Alika Hope is the founder and primary vocalist for the Ray of Hope Project. She was born in Oregon and received a Bachelor of Arts in sociology from the University of Notre Dame. Hope also minored in dance at St. Mary's College. She went on to receive a Master of Arts in early childhood special education from Teachers College at Columbia University.

Career

Opera career 
In 2003, Hope was the soloist singing "Ave Maria" National Shrine of The Divine Mercy on Divine Mercy Sunday. This performance was broadcast internationally on EWTN.

Theatre and singing 
Hope is a member of Actors Equity Association and was in a production of South Pacific in the 2000s.

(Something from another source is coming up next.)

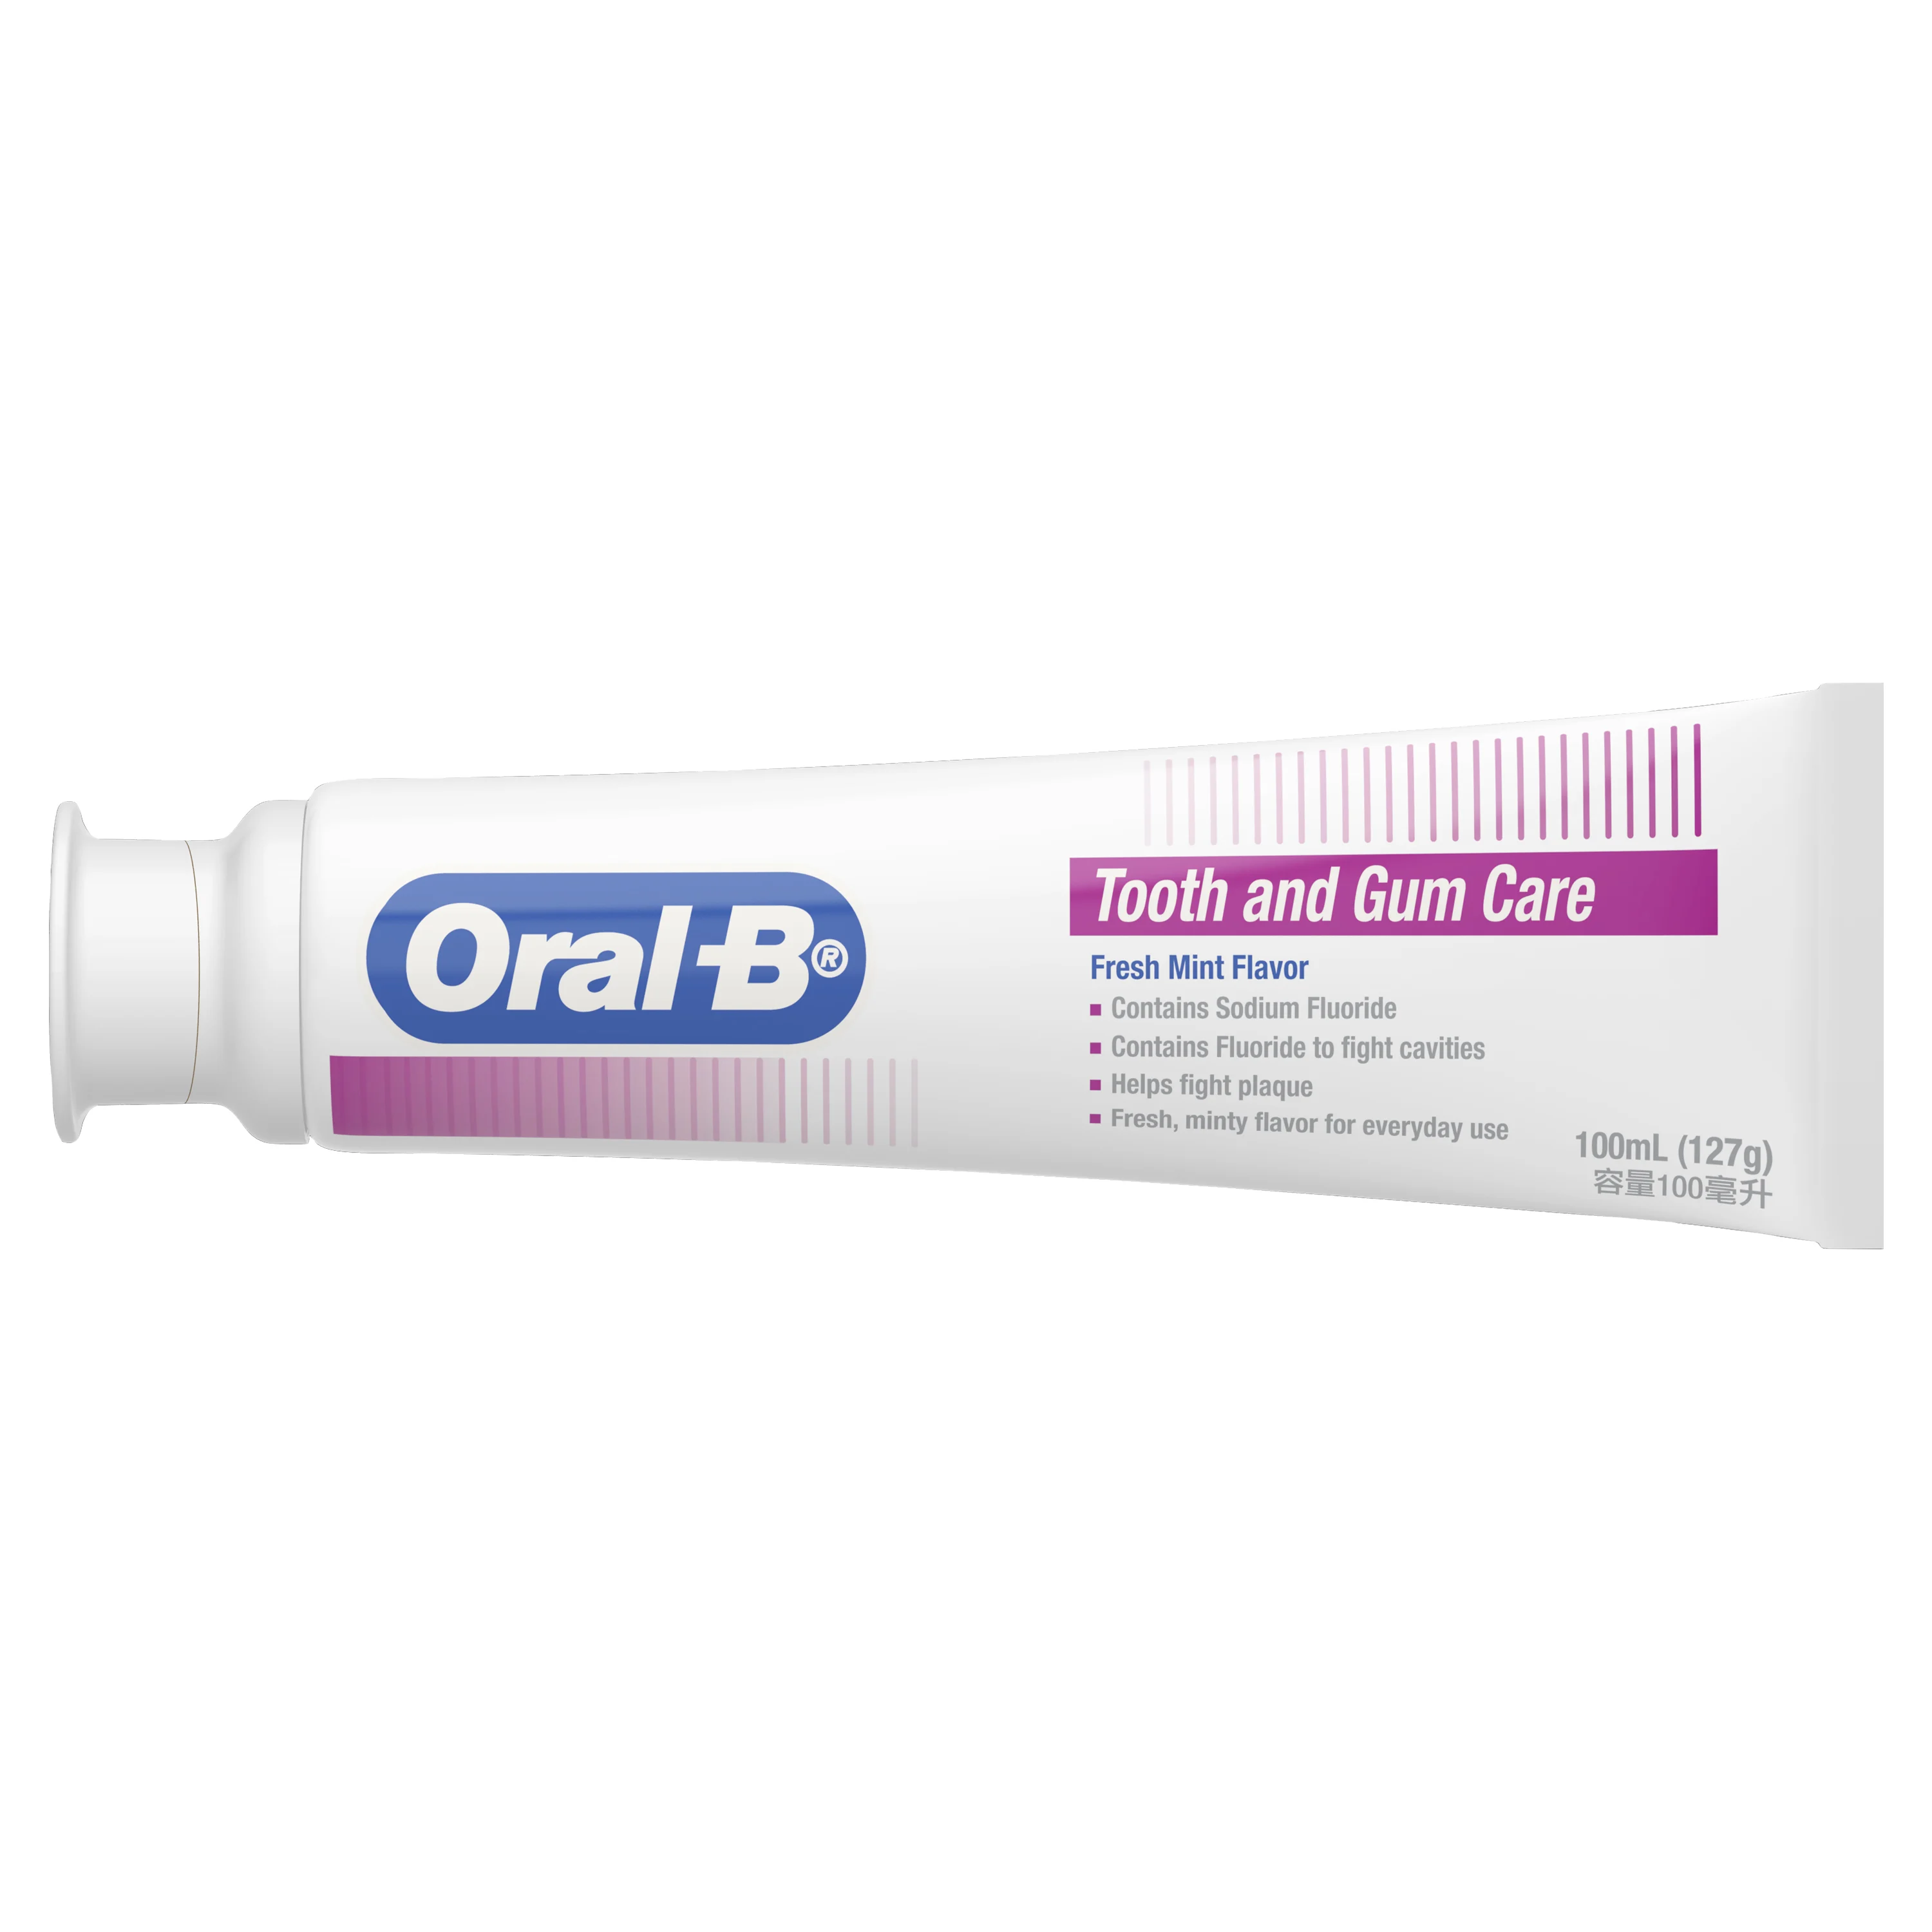 Oral-B Tooth and Gum Care Toothpaste 
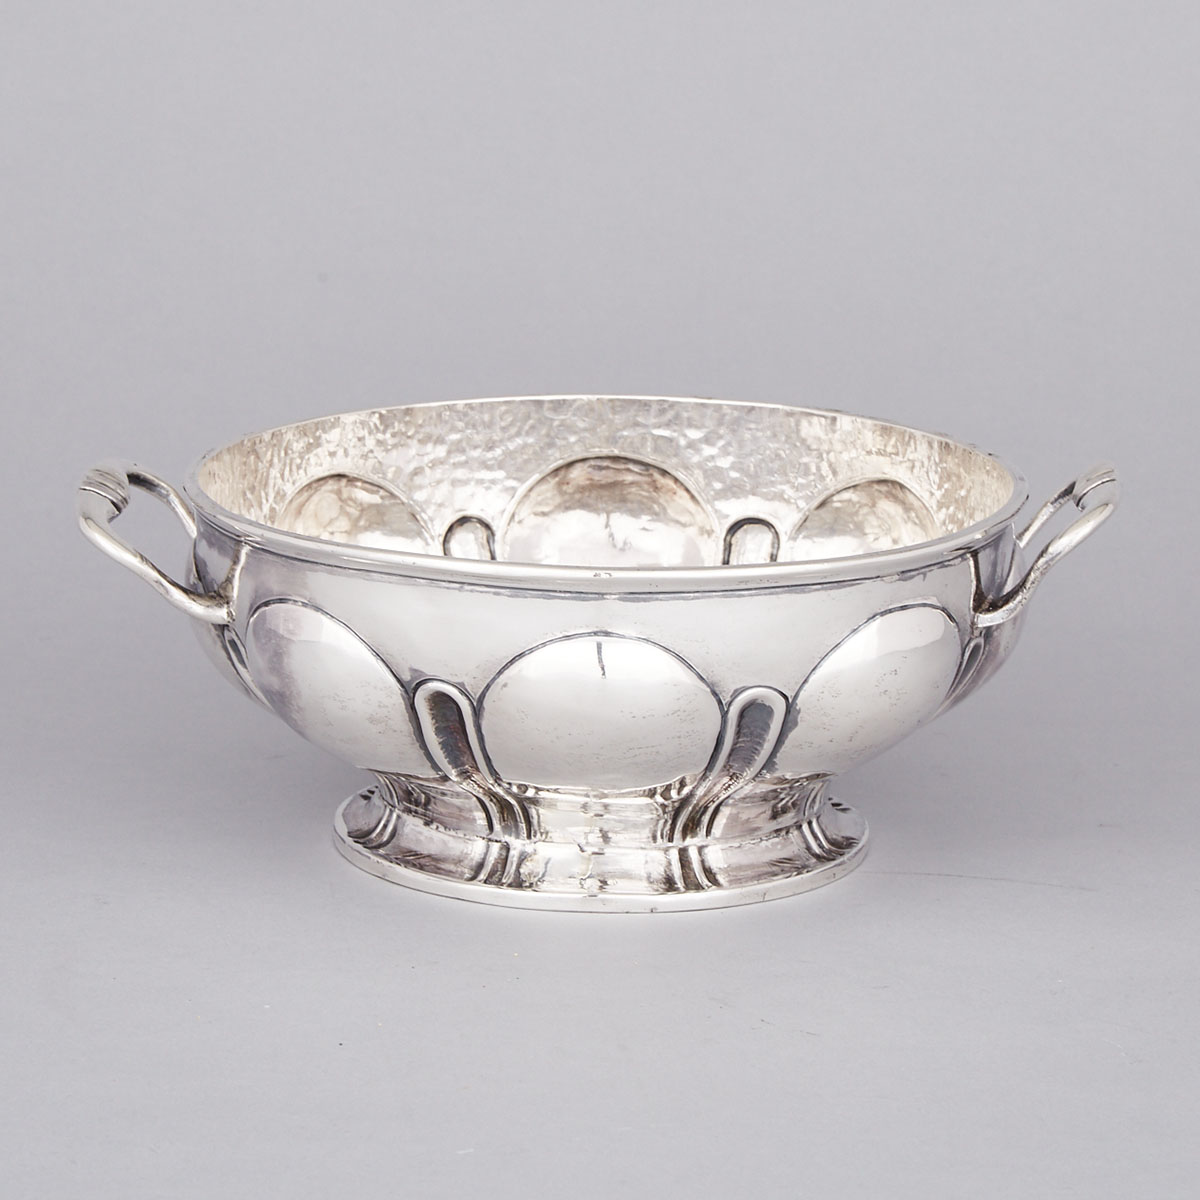 Mexican Silver Two-Handled Bowl, Plateria Mendoza, Mexico City, 20th century

In 2012, she performed on The Island Lil as Junie. She has also portrayed Mrs. Muller in "Doubt" with Berkshire Actors Theatre. Her singing events can be found on BroadwayWorld. She participated in a Human Rights Festival in 2018 and an Arts Festival for Human Rights in New York in 2017.

Television 
Hope has been a co-host of CT Perspective TV on FOX-CT since 2013. She stars as Sandra in the comedy A Coupla Pros.

Pageants 
Hope was Ms. New England America for the 2019 Ms. America Pageant.

Ray of Hope Project 
Hope is the co-founder and president of The Ray of Hope Project, an organization with the goal of using African American spirituals to shed light on the combined anti-slavery efforts of blacks and whites in 19th century New England. The project includes nine musicians and actors who incorporate African American spirituals with live music in their participatory programs.

The Ray of Hope Project musicians and actors use historical records of successful African Americans to teach about slavery in America in the 1900s. Collaborations with schools, libraries and museums throughout the United States has allowed members to create poems and performance material. The project also uses the music and lyrics of 20th century social justice songs as a way of creating conversations around current issues of global social justice issues.

"Hope for a Motherless Child", the project's first album, was released in 2016 and won a "preferred choice" award for Kids CD in the 2016 Creative Child Magazine awards. It was also awarded a Global Music Award in June 2016.

In June, 2016, Hope and the Ray of Hope project participated in Old Sturbridge Village's Juneteenth/Freedom Week. She was interviewed by Connecticut Public Radio about the experience.

In an interview with Lioness magazine, Hope said that the motto of Ray of Hope Project is to "Feel the Music, Change the World"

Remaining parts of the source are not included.